Regulatory news - May 2016

EMA news

EMA announces 8th annual European Network of Paediatric Research workshop on 2 June 2016

On 2 June 2016, the “European Network of Paediatric Research at the European Medicines Agency” (Enpr-EMA) will hold its 8th annual workshop at the European Medicines Agency’s (EMA) London offices.

Specific legislation applies to the development of paediatric medicines in recognition of the fact that clinical protocols need to be tailored to these patients rather than them being treated according to an adult trial protocol.
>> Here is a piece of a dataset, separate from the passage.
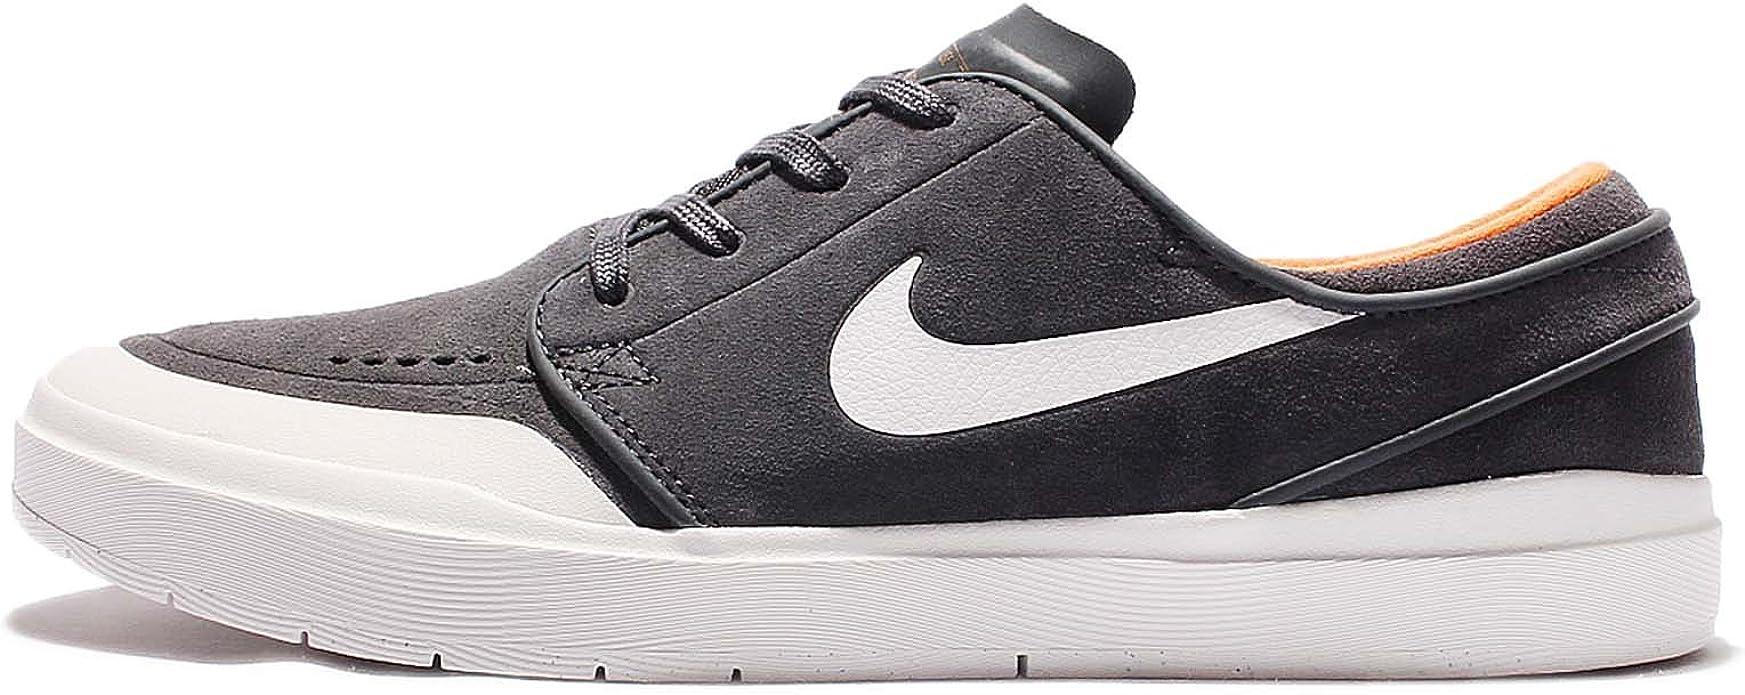 Credencial regional sociedad  Nike SB Hyperfeel Stefan Janoski XT Anthracite/White-Summit White Skate  Shoes-Men 10.0, Women 11.5: Amazon.ca: Sports & Outdoors

In the European Union, the Paediatric Investigation Plan (PIP) procedure is the mechanism by which clinical trials in children and adolescent patients are authorised, and there is a legal requirement for a PIP to be agreed by the EMA’s Paediatric Committee (PDCO) before a paediatric clinical trial can begin. The role of Enpr-EMA is to bring together research networks, investigators and centres in Europe with recognised expertise in performing paediatric clinical studies in accordance with the legislation such that more medicines are authorised for use in children.
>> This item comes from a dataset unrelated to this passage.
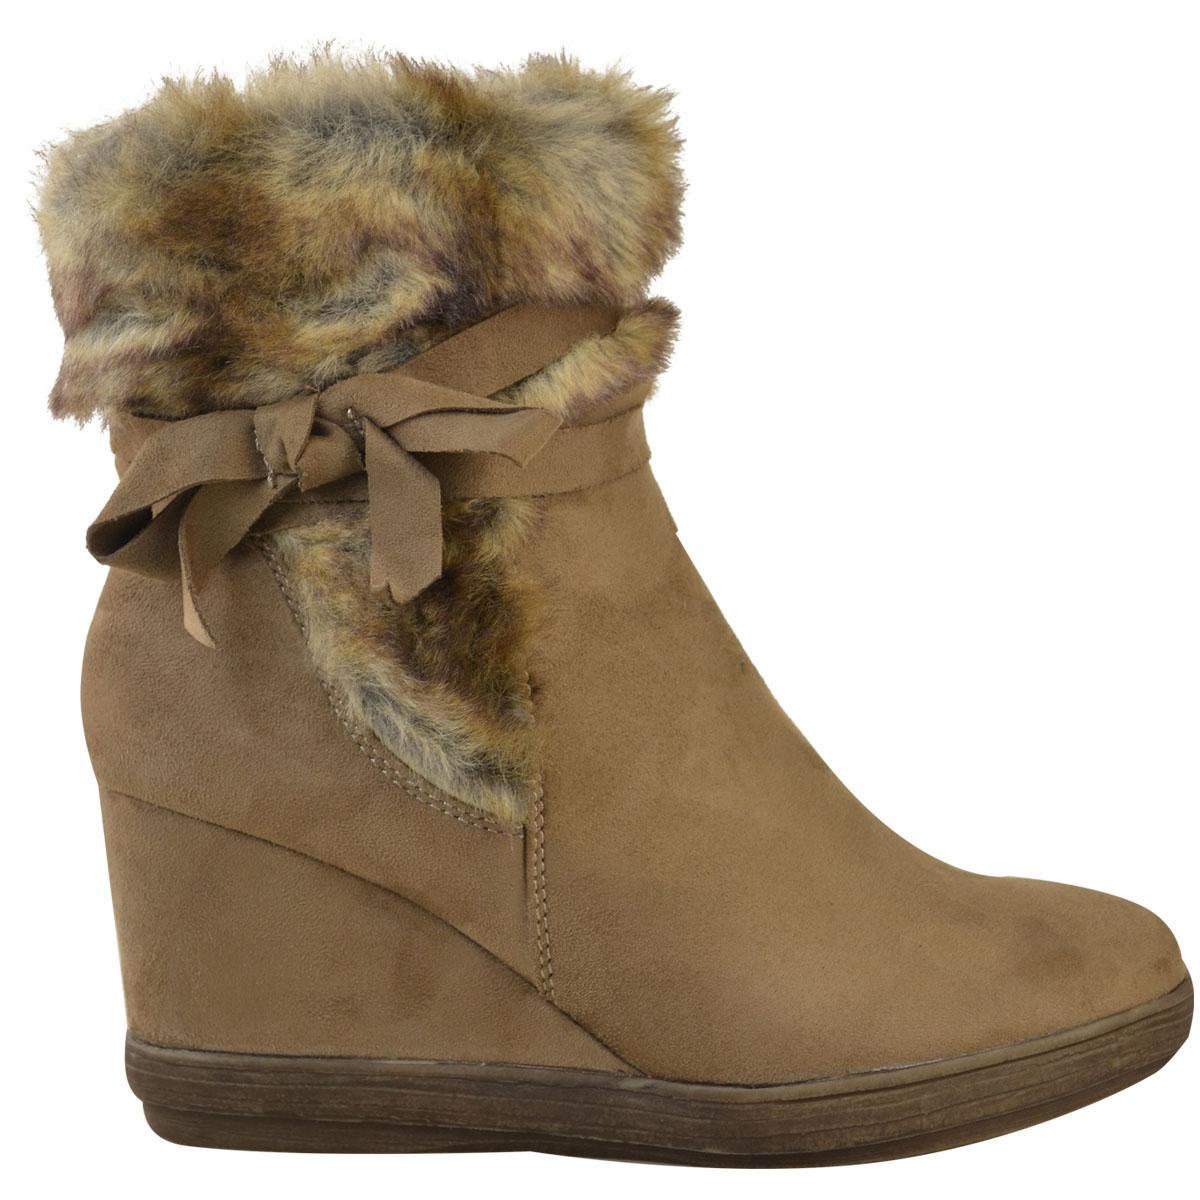 Womens-Ladies-Wedge-Low-Heel-Winter-Knee-Boots-Warm-Faux-Fur-Fleece-Size-UK thumbnail 25

According to the press release on the EMA website, the first day of the workshop will be open to all stakeholders including patients/parents organisations, regulators, Enpr-EMA network representatives, academia, clinical investigators and representatives from the pharmaceutical industry for paediatric studies. This will include a panel debate on how the ethical aspects of paediatric clinical studies will be handled in the context of the implementation of the new European Union Clinical Trial Regulation.

The second day of the workshop will involve discussions between the members of Enpr-EMA and the Enpr-EMA coordinating group to define priorities for 2016-2017.
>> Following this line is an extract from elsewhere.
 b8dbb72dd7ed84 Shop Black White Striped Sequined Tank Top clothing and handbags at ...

Registration for the first day of the workshop is open until 24 May via the EMA website.

CAT publishes minutes of February 2016 meeting and March 2016 monthly report

Within the European Medicines Agency (EMA), the Committee for Advanced Therapies (CAT) is the expert committee with responsibility for the scientific evaluation of Advanced Therapy Medicinal Products (ATMPs). In this role, the CAT provides input into a number of EMA procedures, including, among others:

• Evaluation of marketing authorisation applications (MAAs) with the Committee for Medicinal Products for Human Use (CHMP);
• Scientific Advice with the CHMP and Scientific Advice Working Party (SAWP);
• Innovation Task Force (ITF) meetings (early dialogue ahead of formal scientific advice);
• Orphan Drug Designation with the Committee for Orphan Medicinal Products (COMP);
• Evaluation of Paediatric Investigation Plans (PIPs) with the Paediatric Committee (PDCO).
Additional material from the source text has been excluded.